### AVAILABLE RECORDS
***
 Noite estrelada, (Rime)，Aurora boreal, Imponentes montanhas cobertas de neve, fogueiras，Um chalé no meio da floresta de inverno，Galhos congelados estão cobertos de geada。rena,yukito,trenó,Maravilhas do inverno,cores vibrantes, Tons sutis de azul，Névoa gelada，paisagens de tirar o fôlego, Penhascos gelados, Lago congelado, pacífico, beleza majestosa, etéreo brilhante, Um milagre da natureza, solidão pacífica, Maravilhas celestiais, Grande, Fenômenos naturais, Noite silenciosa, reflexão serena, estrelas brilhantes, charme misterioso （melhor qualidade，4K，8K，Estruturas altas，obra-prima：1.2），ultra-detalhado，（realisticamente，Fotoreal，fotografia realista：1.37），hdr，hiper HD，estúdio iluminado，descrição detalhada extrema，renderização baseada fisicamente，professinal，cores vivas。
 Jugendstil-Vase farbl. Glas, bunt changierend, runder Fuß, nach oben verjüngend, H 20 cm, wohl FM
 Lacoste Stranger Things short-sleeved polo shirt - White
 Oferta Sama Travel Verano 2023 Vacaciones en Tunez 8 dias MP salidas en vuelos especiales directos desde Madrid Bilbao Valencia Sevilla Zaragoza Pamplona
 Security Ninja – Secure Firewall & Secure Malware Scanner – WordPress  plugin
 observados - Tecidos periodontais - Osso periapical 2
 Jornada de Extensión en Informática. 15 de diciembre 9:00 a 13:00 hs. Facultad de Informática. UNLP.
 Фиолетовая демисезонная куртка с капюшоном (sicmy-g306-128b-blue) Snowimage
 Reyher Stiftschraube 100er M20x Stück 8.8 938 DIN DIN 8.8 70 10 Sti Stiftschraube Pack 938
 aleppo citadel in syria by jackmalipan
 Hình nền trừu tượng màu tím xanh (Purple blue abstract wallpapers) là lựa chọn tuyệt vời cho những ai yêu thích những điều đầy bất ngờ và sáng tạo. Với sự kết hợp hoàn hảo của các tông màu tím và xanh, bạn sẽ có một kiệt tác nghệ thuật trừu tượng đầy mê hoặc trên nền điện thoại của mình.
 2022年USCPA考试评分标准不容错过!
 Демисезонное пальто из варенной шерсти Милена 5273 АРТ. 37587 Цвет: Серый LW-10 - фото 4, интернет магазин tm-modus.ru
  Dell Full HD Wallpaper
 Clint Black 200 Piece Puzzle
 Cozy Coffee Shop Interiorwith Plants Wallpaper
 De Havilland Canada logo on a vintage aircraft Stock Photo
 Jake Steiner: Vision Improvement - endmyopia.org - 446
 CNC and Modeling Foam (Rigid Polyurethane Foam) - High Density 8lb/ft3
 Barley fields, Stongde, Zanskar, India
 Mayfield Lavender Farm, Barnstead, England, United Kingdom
***
### WORK TASK
All of the data above needs to be retyped exactly, with each line as it stands.

### TASK RESULT
 Noite estrelada, (Rime)，Aurora boreal, Imponentes montanhas cobertas de neve, fogueiras，Um chalé no meio da floresta de inverno，Galhos congelados estão cobertos de geada。rena,yukito,trenó,Maravilhas do inverno,cores vibrantes, Tons sutis de azul，Névoa gelada，paisagens de tirar o fôlego, Penhascos gelados, Lago congelado, pacífico, beleza majestosa, etéreo brilhante, Um milagre da natureza, solidão pacífica, Maravilhas celestiais, Grande, Fenômenos naturais, Noite silenciosa, reflexão serena, estrelas brilhantes, charme misterioso （melhor qualidade，4K，8K，Estruturas altas，obra-prima：1.2），ultra-detalhado，（realisticamente，Fotoreal，fotografia realista：1.37），hdr，hiper HD，estúdio iluminado，descrição detalhada extrema，renderização baseada fisicamente，professinal，cores vivas。
 Jugendstil-Vase farbl. Glas, bunt changierend, runder Fuß, nach oben verjüngend, H 20 cm, wohl FM
 Lacoste Stranger Things short-sleeved polo shirt - White
 Oferta Sama Travel Verano 2023 Vacaciones en Tunez 8 dias MP salidas en vuelos especiales directos desde Madrid Bilbao Valencia Sevilla Zaragoza Pamplona
 Security Ninja – Secure Firewall & Secure Malware Scanner – WordPress  plugin
 observados - Tecidos periodontais - Osso periapical 2
 Jornada de Extensión en Informática. 15 de diciembre 9:00 a 13:00 hs. Facultad de Informática. UNLP.
 Фиолетовая демисезонная куртка с капюшоном (sicmy-g306-128b-blue) Snowimage
 Reyher Stiftschraube 100er M20x Stück 8.8 938 DIN DIN 8.8 70 10 Sti Stiftschraube Pack 938
 aleppo citadel in syria by jackmalipan
 Hình nền trừu tượng màu tím xanh (Purple blue abstract wallpapers) là lựa chọn tuyệt vời cho những ai yêu thích những điều đầy bất ngờ và sáng tạo. Với sự kết hợp hoàn hảo của các tông màu tím và xanh, bạn sẽ có một kiệt tác nghệ thuật trừu tượng đầy mê hoặc trên nền điện thoại của mình.
 2022年USCPA考试评分标准不容错过!
 Демисезонное пальто из варенной шерсти Милена 5273 АРТ. 37587 Цвет: Серый LW-10 - фото 4, интернет магазин tm-modus.ru
  Dell Full HD Wallpaper
 Clint Black 200 Piece Puzzle
 Cozy Coffee Shop Interiorwith Plants Wallpaper
 De Havilland Canada logo on a vintage aircraft Stock Photo
 Jake Steiner: Vision Improvement - endmyopia.org - 446
 CNC and Modeling Foam (Rigid Polyurethane Foam) - High Density 8lb/ft3
 Barley fields, Stongde, Zanskar, India
 Mayfield Lavender Farm, Barnstead, England, United Kingdom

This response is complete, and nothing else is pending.